COS's Nero d'Avola-dominant 'Pithos', and Cornelissen's 'Munjabel' wines from Etna, using Nerello Mascalese, are made using this ancient technique. Both wines had superb mineral depth and intense aromatics. I found this fascinating and wanted to try the same back in Australia. After a long search, we had five 200L clay amphora vessels made for us by skilled Adelaide potter, John Bennett, using clays from a local quarry almost identical to our vineyard's soil. The pots were coated internally with bee's wax as they came out of the kiln.
At harvest, we destemmed the Nero d'Avola grapes and left the juice to undergo a wild ferment on its skins and lees. Once the skins sank and the ferments went dry, we sealed the amphorae for seven months, covered airtight with stainless steel lids. The idea was to extract as much flavour as possible from the grapes and to provide additional layers of complexity. We basket pressed the wine off skins 210 days later at the end of November, primarily because I could not wait any longer! We let the juice settle naturally and the wine was bottled before Christmas.
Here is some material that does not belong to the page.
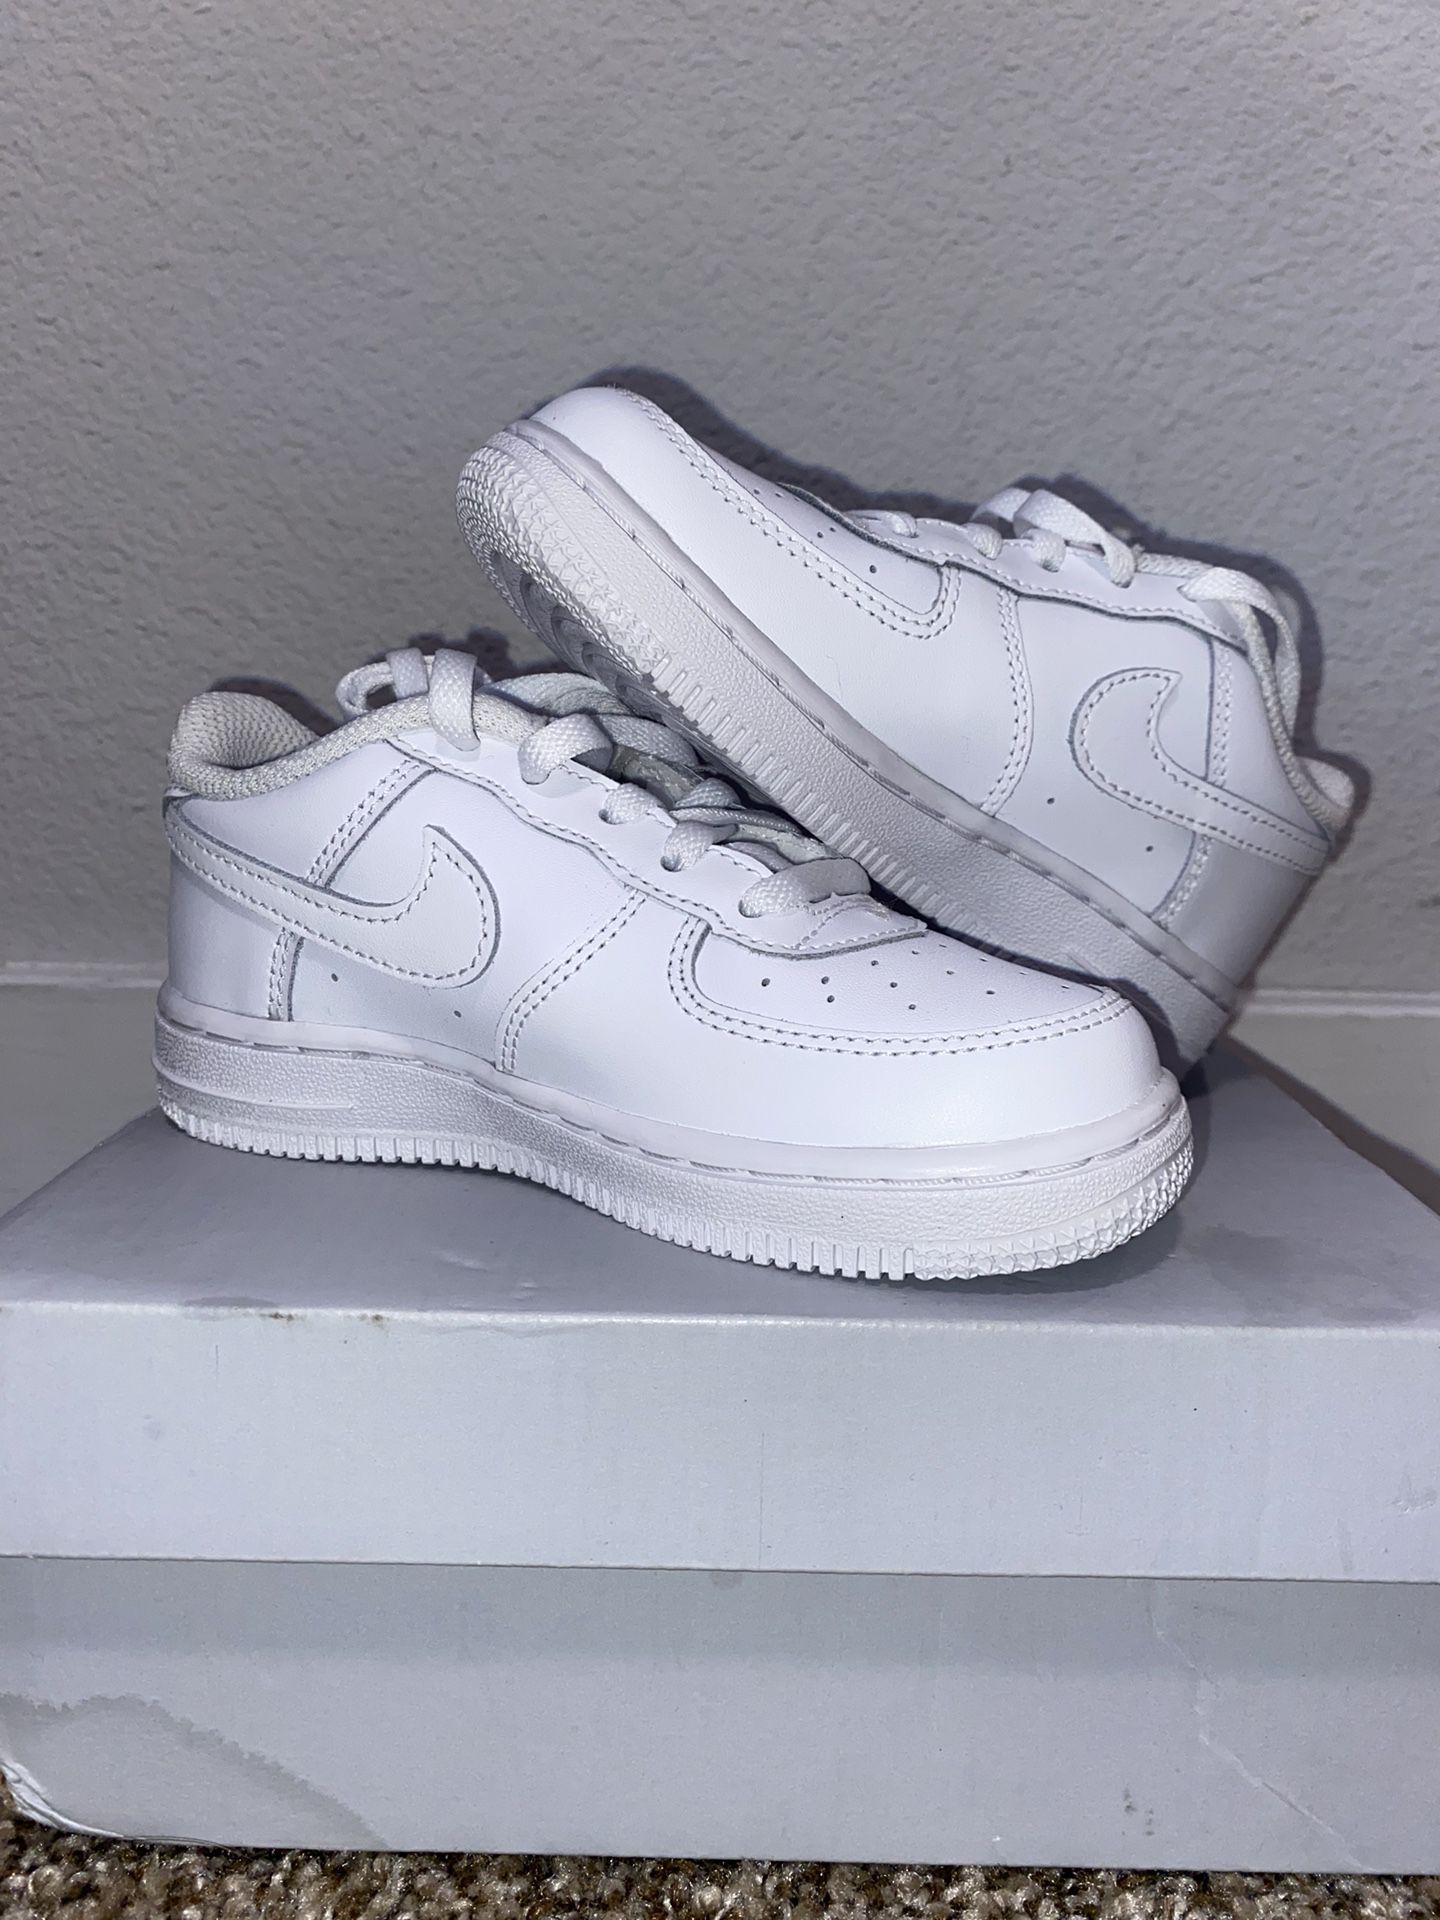 Air Force One Lows Size 9c

We produced 112 cases of 2011 Brash Higgins Nero d'Avola, which tasted promising, full of intense savoury aromatics, like its Sicilian brethren, loads of wild cherries and a mouthwatering acidity, but also with all the orange and lavender aromas that our terroir seems to produce.
Amphora seemed like a good way to not only introduce Nero d'Avola to Australia, a high acid and transparent varietal, but to make a statement. Also, we were just as ready as the Italians to step deep into the past to make a leap forward. I have found amphora wines diabolical, challenging, sometimes ethereal, sometimes scary, but always thought-provoking wines that reflect, as close as possible, the true terroir of the vineyard

Conclusion

Nero d'Avola is prone to diseases, primarily powdery mildew, but also botrytis in wetter seasons. It appears to be quite a vigorous and heavy cropping variety when it has access to an abundance of readily available water. Our observations of Nero d'Avola's growth habit, vigour and ripening suggest planting should be considered primarily on relatively bare and shallow like those soils situated in the earlier ripening sub-regions of McLaren Vale. Cultural methods certainly need to be employed to be successful in obtaining a crop of healthy, good quality fruit. Heavy pruning, appropriate trellising, bunch and shoot thinning and leaf plucking will all need to be considered and certainly conducted in vigorous growing seasons.
Nero d'Avola is capable of producing complex wine in a number of styles, and is a prolific producer if yields are not kept in check. Although it is said to be similar to Shiraz, it differs in that it has dustier tannins, higher natural acidity, more savoury elements, and ripens significantly later; all points that can lead to some distinctive flavours and new flavour profiles for the Australian palate.